Let's solve the problem using the graph provided:

1. Finding $f(1)$:

From the graph, we observe the point where $x = 1$. The graph shows a hole (an open circle) at $x = 1$, and the solid point above it is located at $y = 1$. This point indicates that $f(1) = 1$.

Answer: $f(1) = 1$

2. Finding $\lim_{{x \to 1}} f(x)$:

To find the limit of $f(x)$ as $x$ approaches 1, we need to consider the behavior of the function from both the left and the right sides of $x = 1$.

• From the left ($x \to 1^-$), the function approaches $y = 0$.
• From the right ($x \to 1^+$), the function also approaches $y = 0$.

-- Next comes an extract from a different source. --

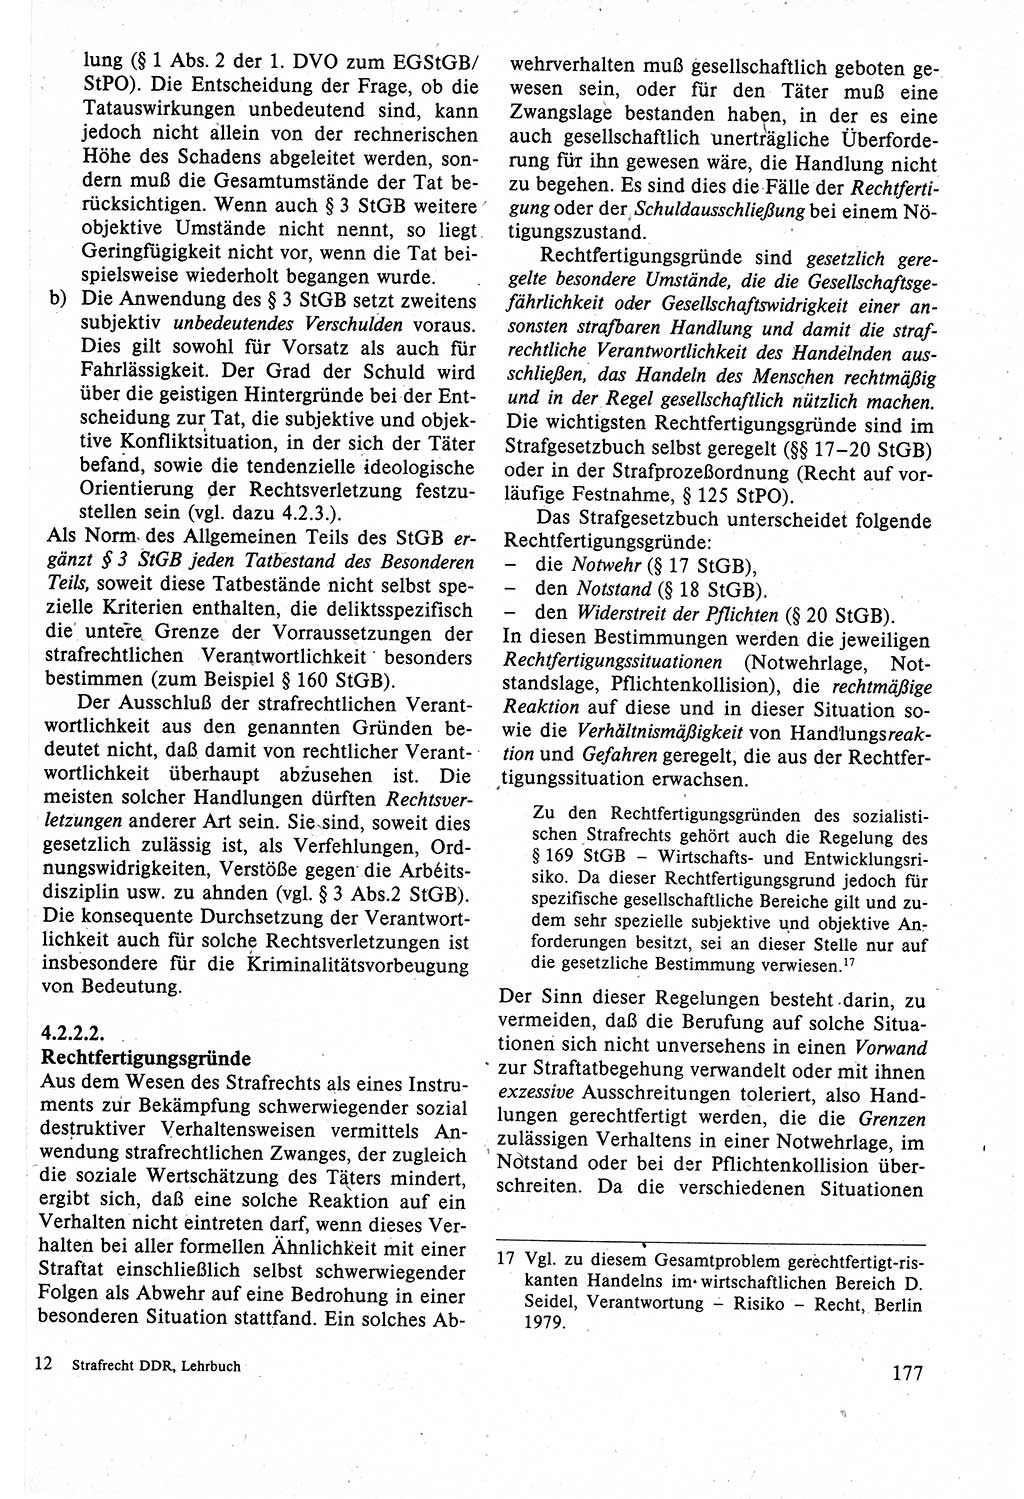 Strafrecht der DDR (Deutsche Demokratische Republik), Lehrbuch 1988, Seite 177 (Strafr. DDR Lb. 1988, S. 177)

Since both sides approach the same value, the limit exists.

Answer: $\lim_{{x \to 1}} f(x) = 0$

Would you like further details on these calculations, or do you have any other questions?

Here are some related questions you might find interesting:

1. What happens to $f(x)$ as $x \to 0$?
2. What is the limit of $f(x)$ as $x \to -1$?
3. Does the function $f(x)$ have any asymptotes?
4. How would you describe the continuity of $f(x)$ at $x = 1$?
5. Can you determine $f(x)$ at $x = 2$?

Tip: When finding limits graphically, always observe the function's behavior from both sides of the point of interest to ensure the limit exists and is the same from both directions.